Each of these stories provide social commentary, so none would I describe as light fiction, even when the dialogue is full of banter, as it is between Emily and Charlie (the adjutant).  The stories provide the social commentary by personalizing the issues to the extreme.  Further, because the reader is temporally removed from when these stories are set, one can see all the disappointments without letting it impact our own sense of well being.  There is virtue in this, which is unlike reading the news nowadays.  That is so depressing.  I did not feel depressed reading these screenplays, even The Goddess.  Having some distance between the reader and the story is very good that way.

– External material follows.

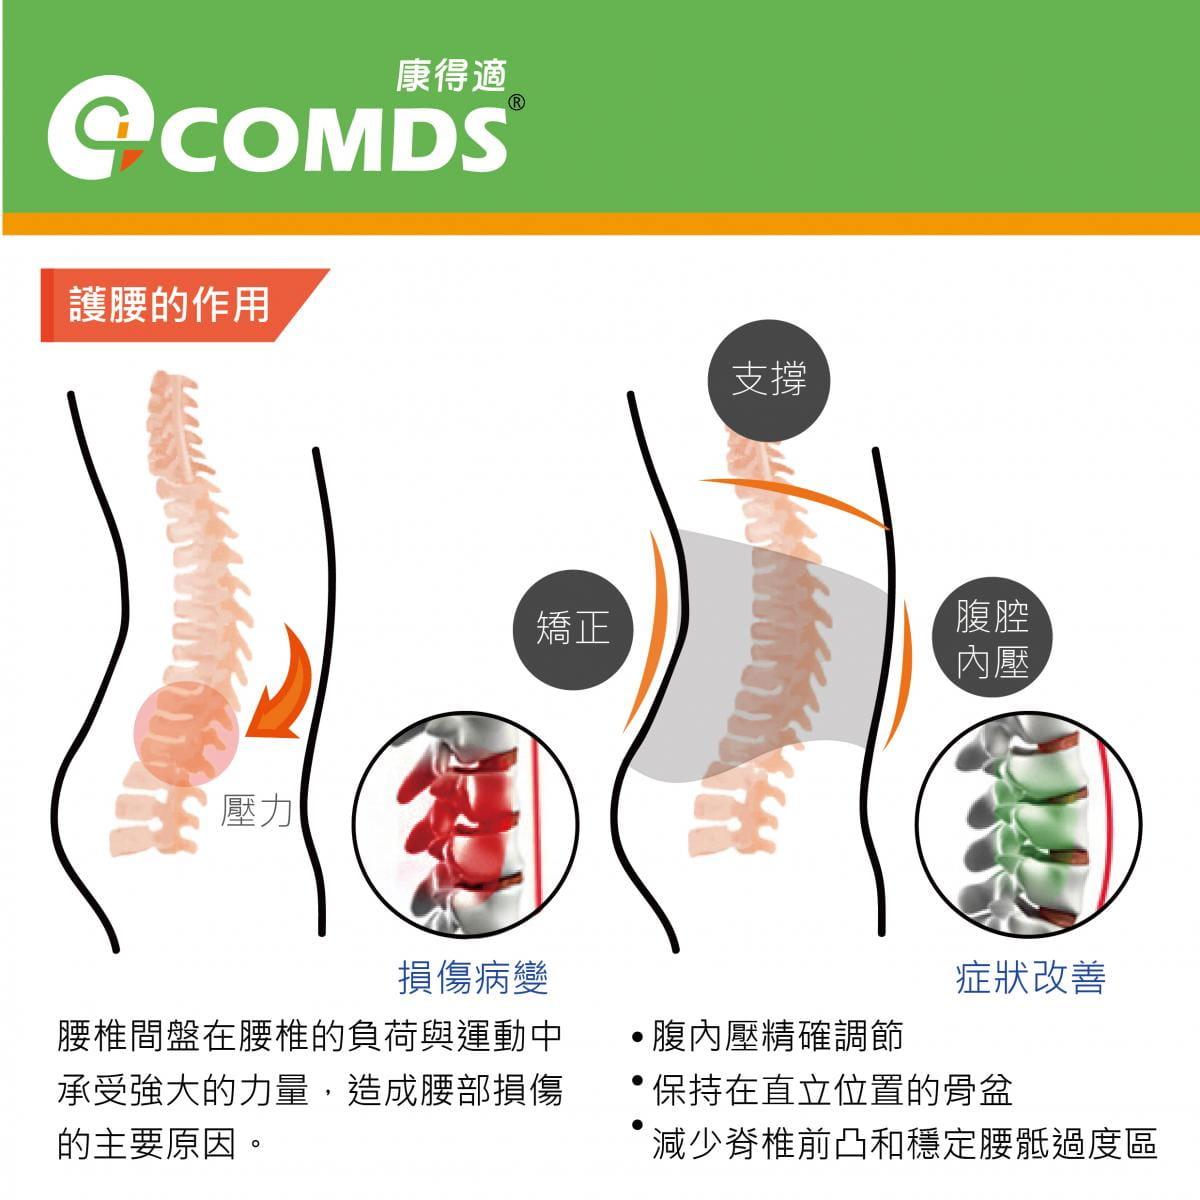 【康得適】UL-501反光纖薄護腰 微笑標章台灣製造 6

Each screenplay takes a few hours to read.  The Kindle software produces the time left to finish reading the book.  This I find kind of odd, since you'd think some of that would depend on the reader.   I used to want the page number that corresponded to the printed work.  I understand now that is irrelevant, but the marker that they have, which is useful if you want to navigate to a particular place in the text, is otherwise meaningless to me.  The software also gives you the percentage of the book already completed, which is a bit more meaningful, but note that with multiple screenplays that you don't really know how much is left in one except for the last. That is okay, but then why have any marker at all?  Does the reader need that to track progress?  I am not sure.

The other thing I will note that I appreciated, because there is so much dialogue, when the speaker changes there is line space between the paragraphs.  So many screens have quite a lot of white space.  I find now that is welcoming.  I wonder why we can't do that for other material.  Some browser pages enable "reader view" which is also welcoming to my eyes.  But Web pages do not.  And when reading a book, while you can adjust the font size, I don't believe you can adjust the line spacing.  (I just learned that you can and I have switched this to wide.  Sometimes I am a slow learner.)

I don't believe I will ever be able to immerse myself in reading the way I could as a kid.  And on the Kindle I'm listening to Chopin in the background as I read, so I hear the ping of email coming in, one of those distractions that it would be better to not have at all.  (The music itself is a comfort, not a distraction, though I found I wanted to know the name of pieces I was listening to so would go back to the music application to find that.)  Yet I think I was more into the third story than I was with the other two.  Part of that is getting back to the routine of reading fiction.  It takes a while to warm up to that.  It is more enjoyable after a while, because there is a rhythm attained that is relaxing and yet stimulating.

Chayevsky is a very talented story teller and he takes strong ethical positions.  That combination is great for me.  Plus, unlike with a novel where you feel obligated to see it through so you end up spending most of your day on it over a few days, with the screenplays you can do other things and still have some substantial reading time each day. All of that is plus.  Later today, I will start reading The Hospital, the first screenplay in Volume 2.